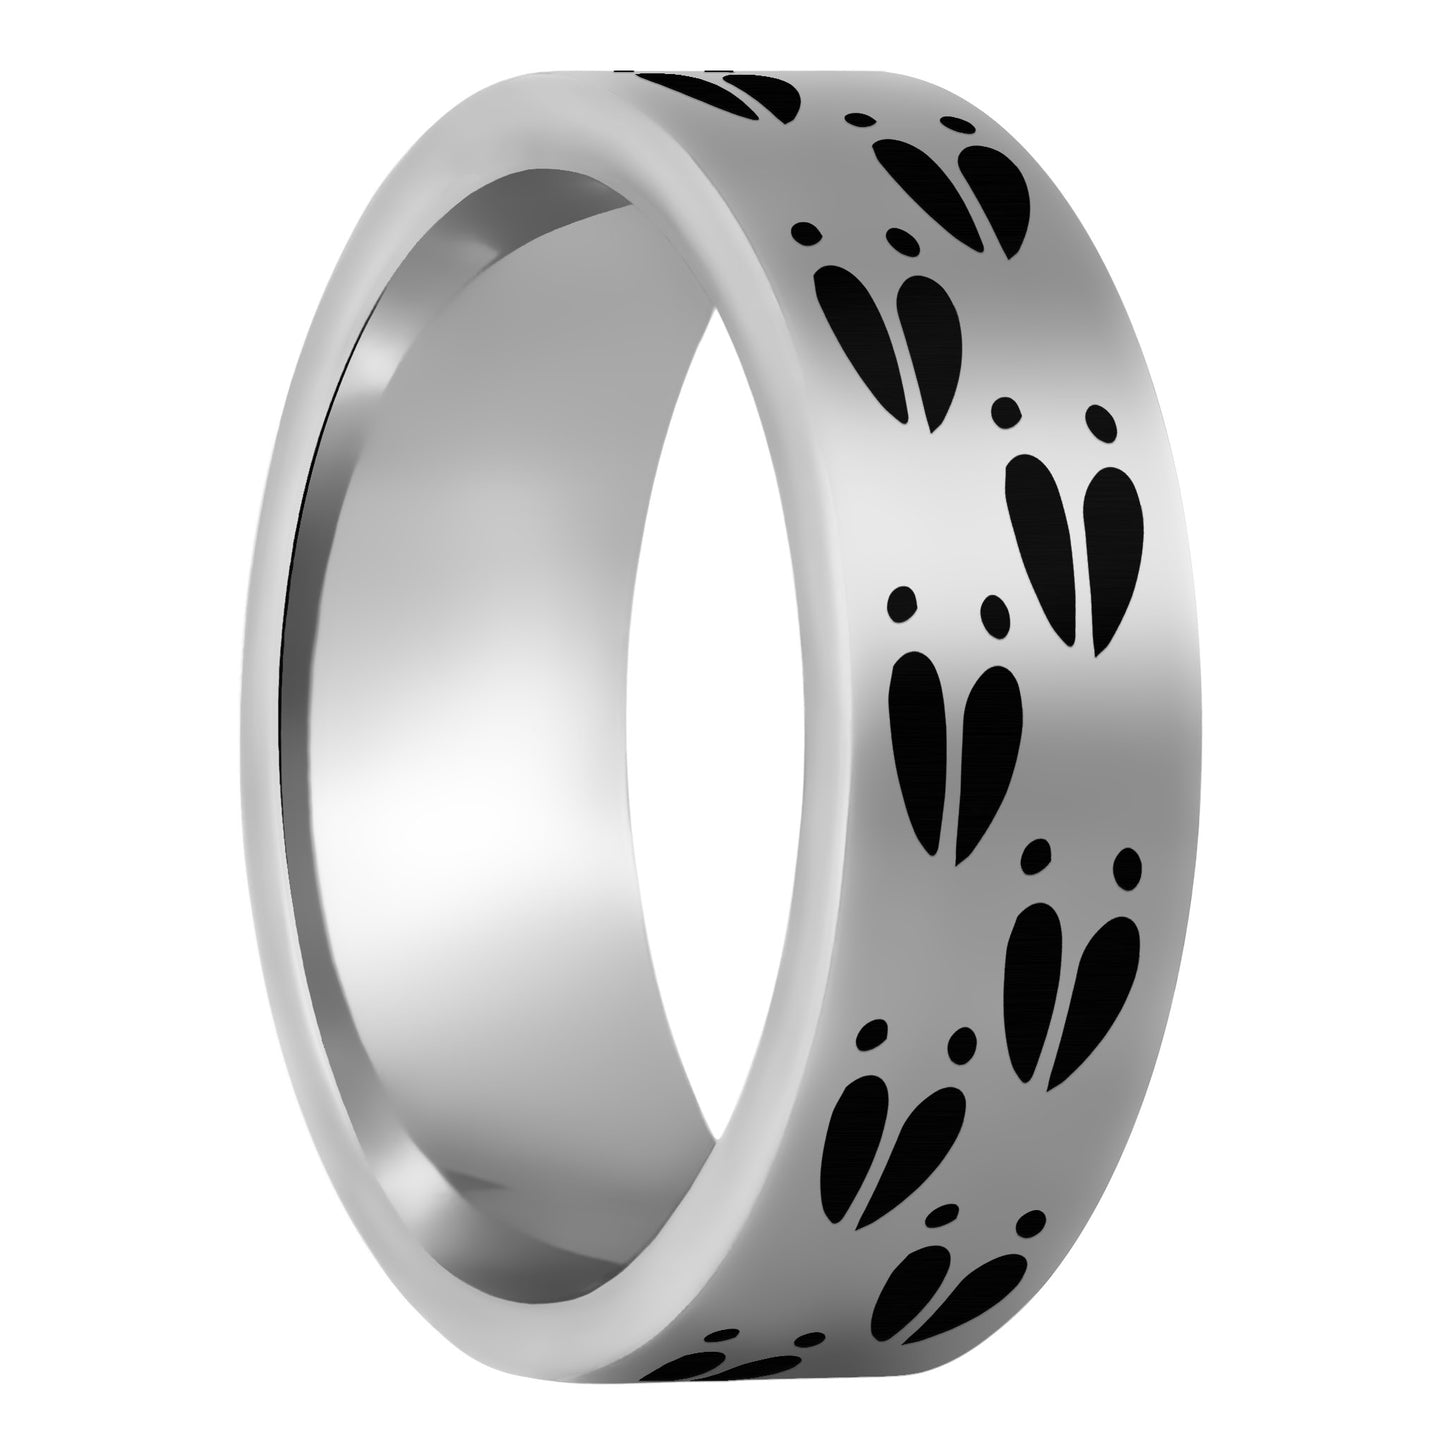 One Deer Track Tungsten Men's Wedding Band displayed on a plain white background
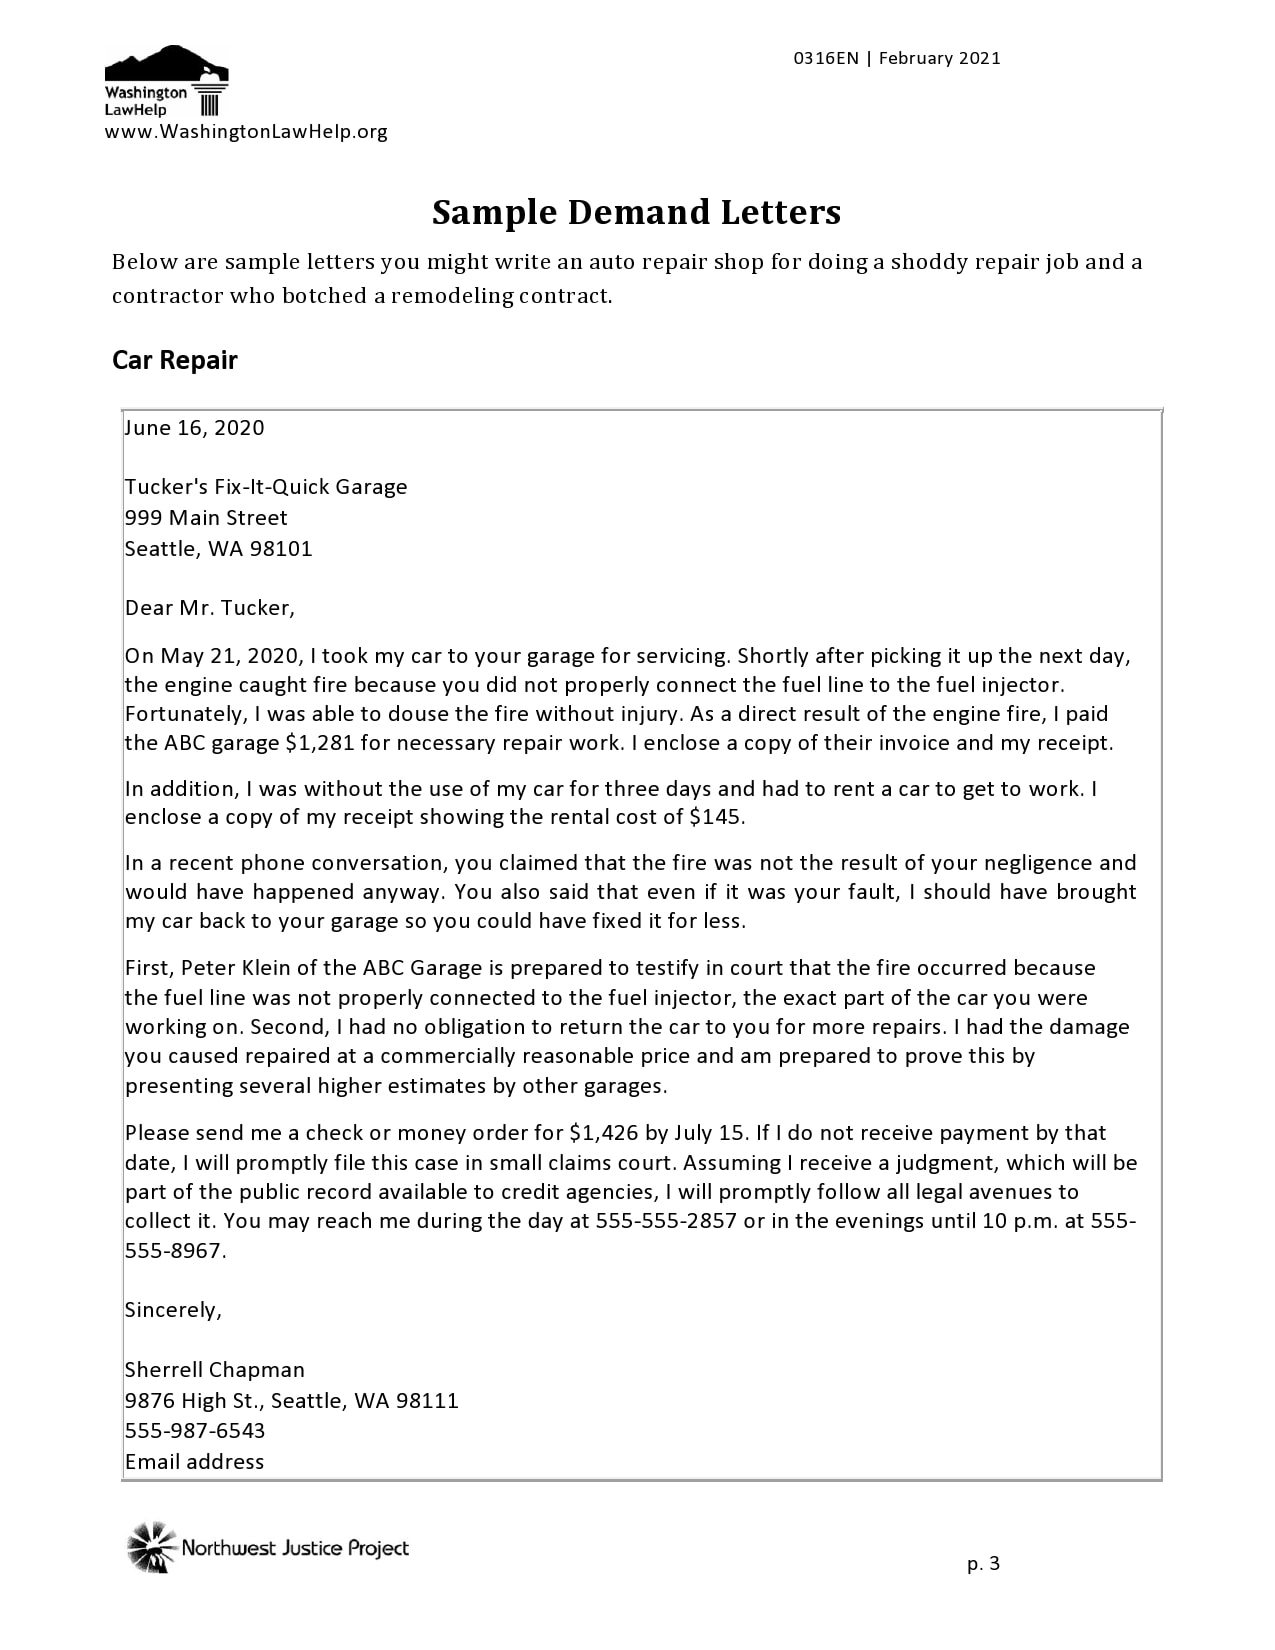 20 Strong Demand For Payment Letters - TemplateArchive
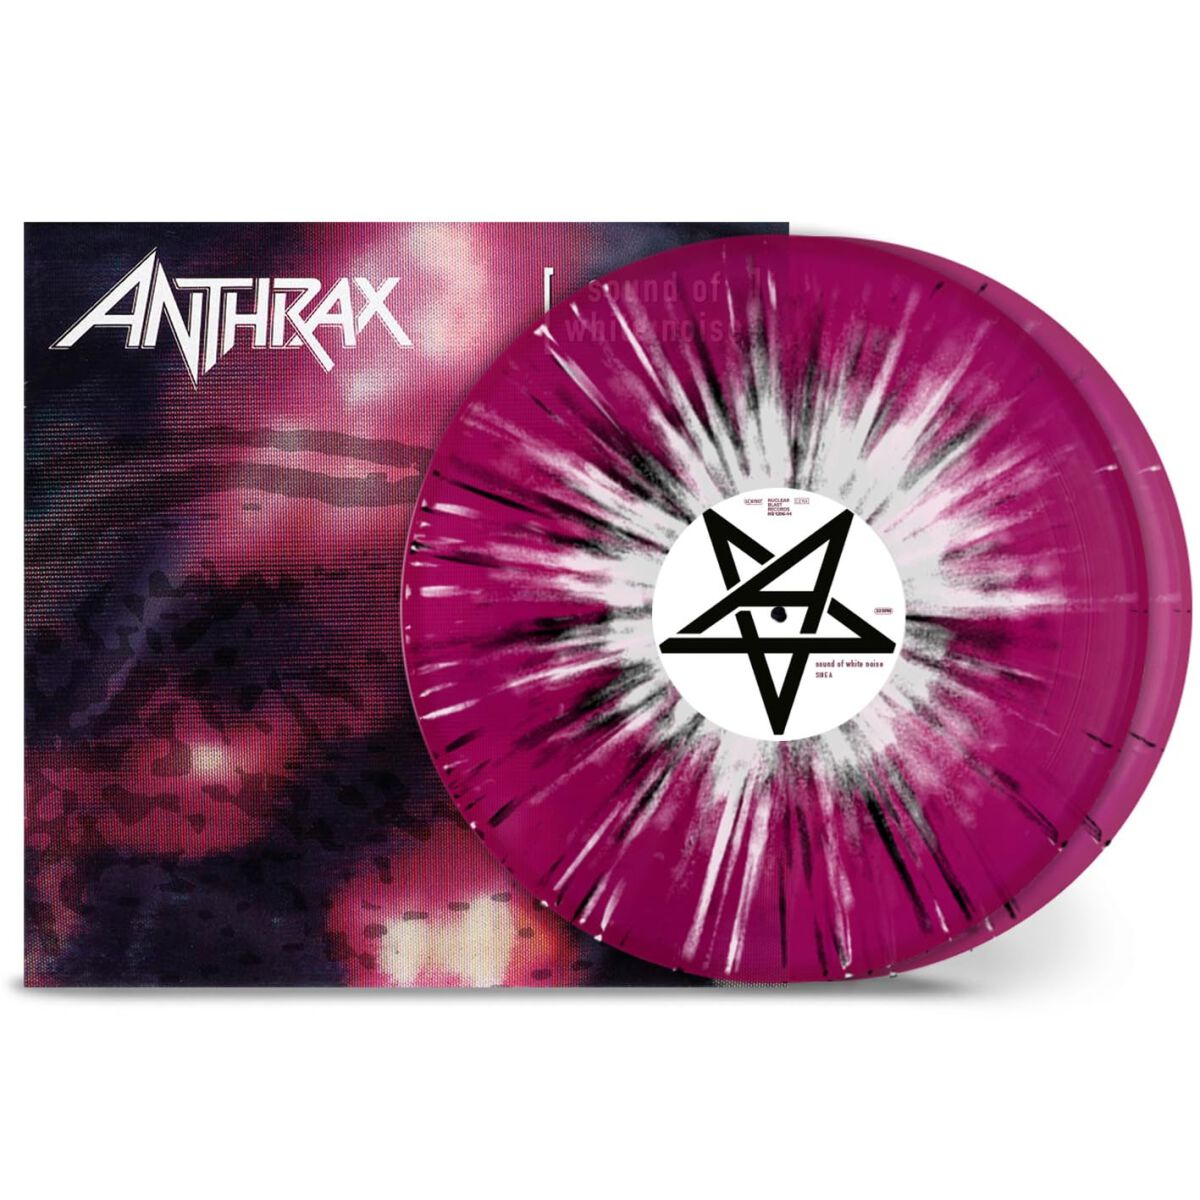 Anthrax Sound of white noise LP multicolor
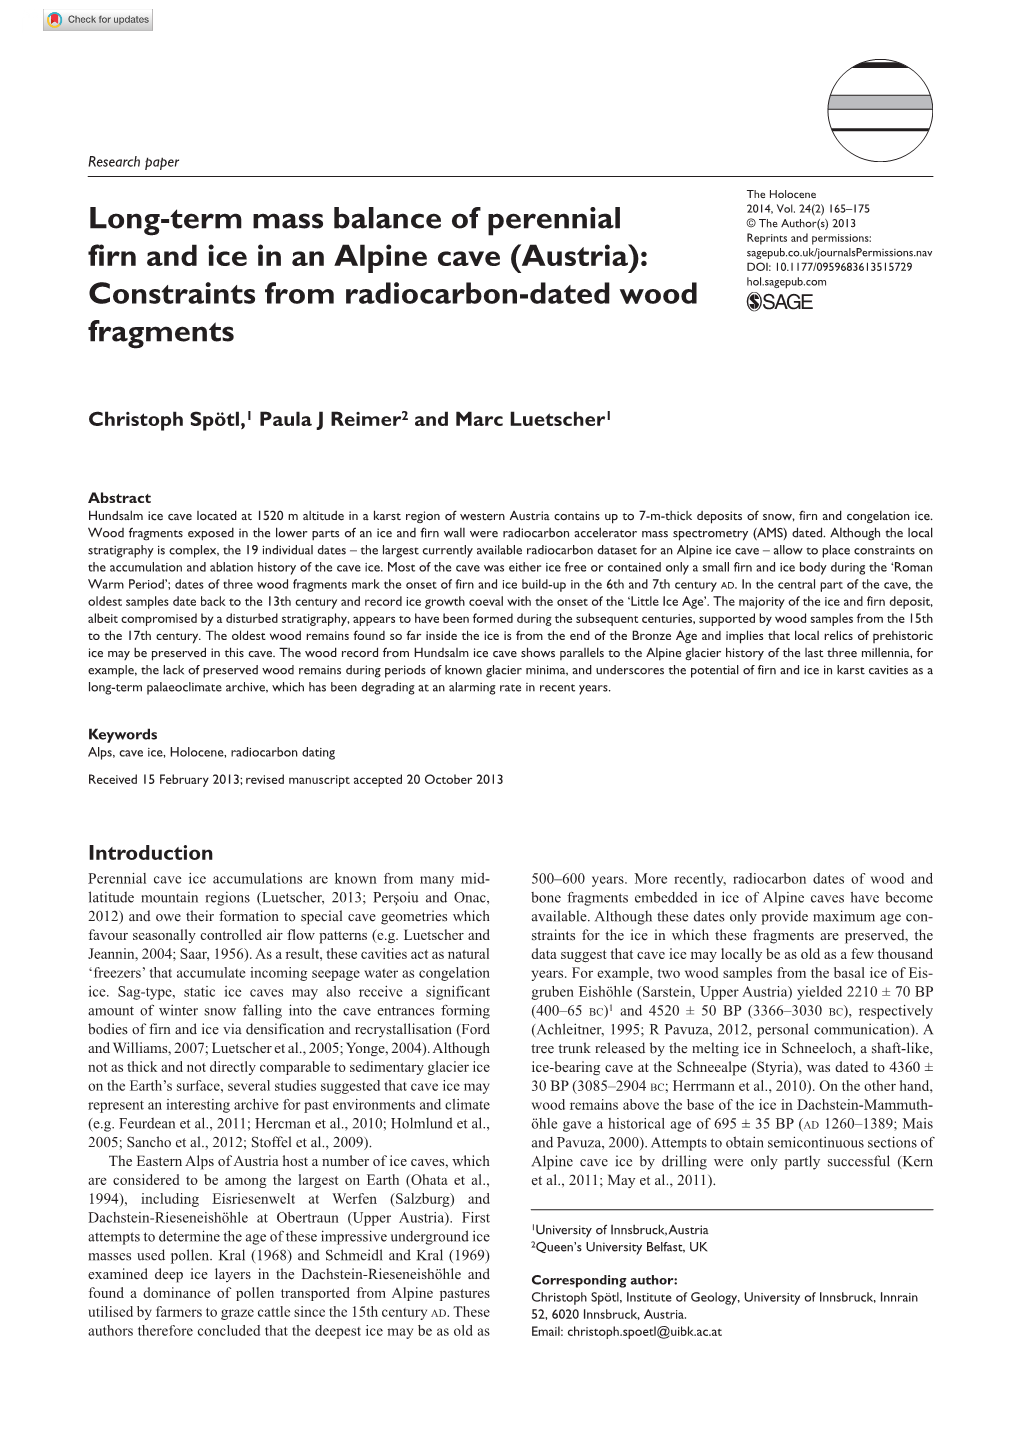 Long-Term Mass Balance of Perennial Firn and Ice in an Alpine Cave (Austria): Constraints from Radiocarbon-Dated Wood Fragments
-=-=-=-=-
§ **TASK INSTRUCTIONS**
Set the material above down again word for word. Include none of its pictures.

§ **ANSWER SECTION**
 One Deer Track Tungsten Men's Wedding Band displayed on a plain white background
 20 Strong Demand For Payment Letters - TemplateArchive
 Anthrax Sound of white noise LP multicolor
 Long-Term Mass Balance of Perennial Firn and Ice in an Alpine Cave (Austria): Constraints from Radiocarbon-Dated Wood Fragments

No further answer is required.